# A few pics



## SNAREMAN (Dec 10, 2006)

Got froze-out of my marsh 10-12days ago,so been hitting the cricks/small rivers and picking away at'em.Setting a few beaver/mink when I see sign along the way.Hope I can get on the ice in a day or two  Heading north on fri/sat to set a small otter/cat line (again lol)hope to have some "after" pics from that  Hope everyones season is going well,be safe and have fun


----------



## Rustyaxecamp (Mar 1, 2005)

Good stuff !!


----------



## Fabner1 (Jan 24, 2009)

*Snare,

Way to go Man! Nice to get the kids involved!*

Fred


----------



## Fur-minator (Nov 28, 2007)

Great pictures!

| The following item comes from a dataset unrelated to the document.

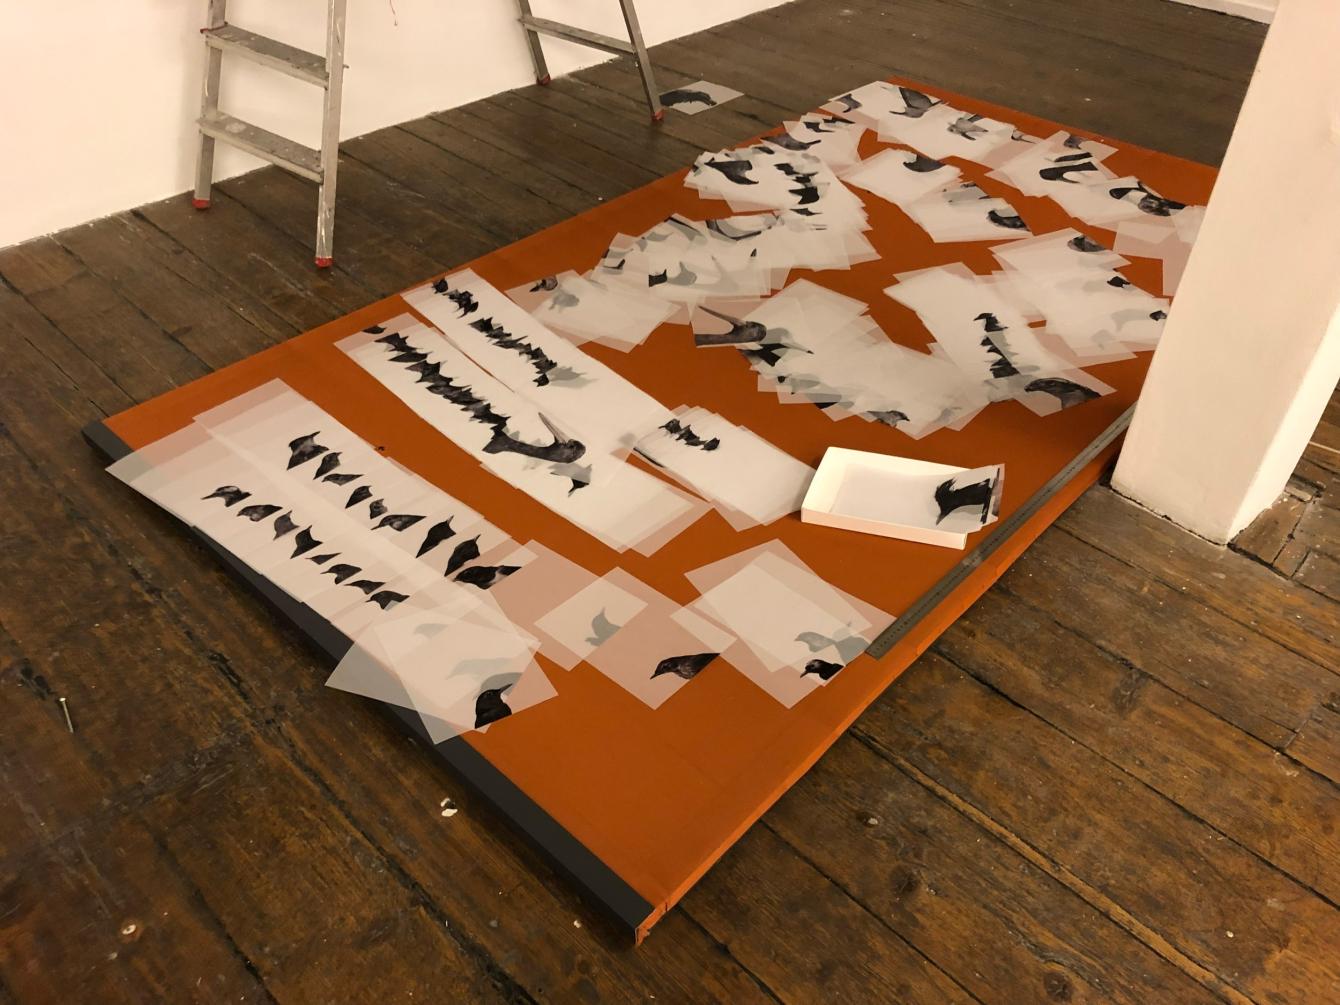 Printed images of birds lying on the floor

Thanks for posting them on here.

Best of luck on the otter/cat line.


----------



## Mister ED (Apr 3, 2006)

Very nice Snareman .... where's the snow?? None on the ground down that way?


----------



## SNAREMAN (Dec 10, 2006)

Nope,just a dusting.Should help with the ice,hard,clear "black ice" and them rats are DOOMED :lol:


----------



## DDay (Jun 18, 2008)

Nice take Snareman and looks like you had some good help.


----------



## FREEPOP (Apr 11, 2002)

Good haul, at least someone is having some fun. Is that a 160 or a 280 on the lath?


----------



## Moose57 (Sep 7, 2009)

Nice catch!


----------



## David G Duncan (Mar 26, 2000)

Snareman,

My compliments on a great photo spread of your trapping success.

Looks like you have an excellent start to your trapping season and getting the young trappers involved is surely frosting on the cake.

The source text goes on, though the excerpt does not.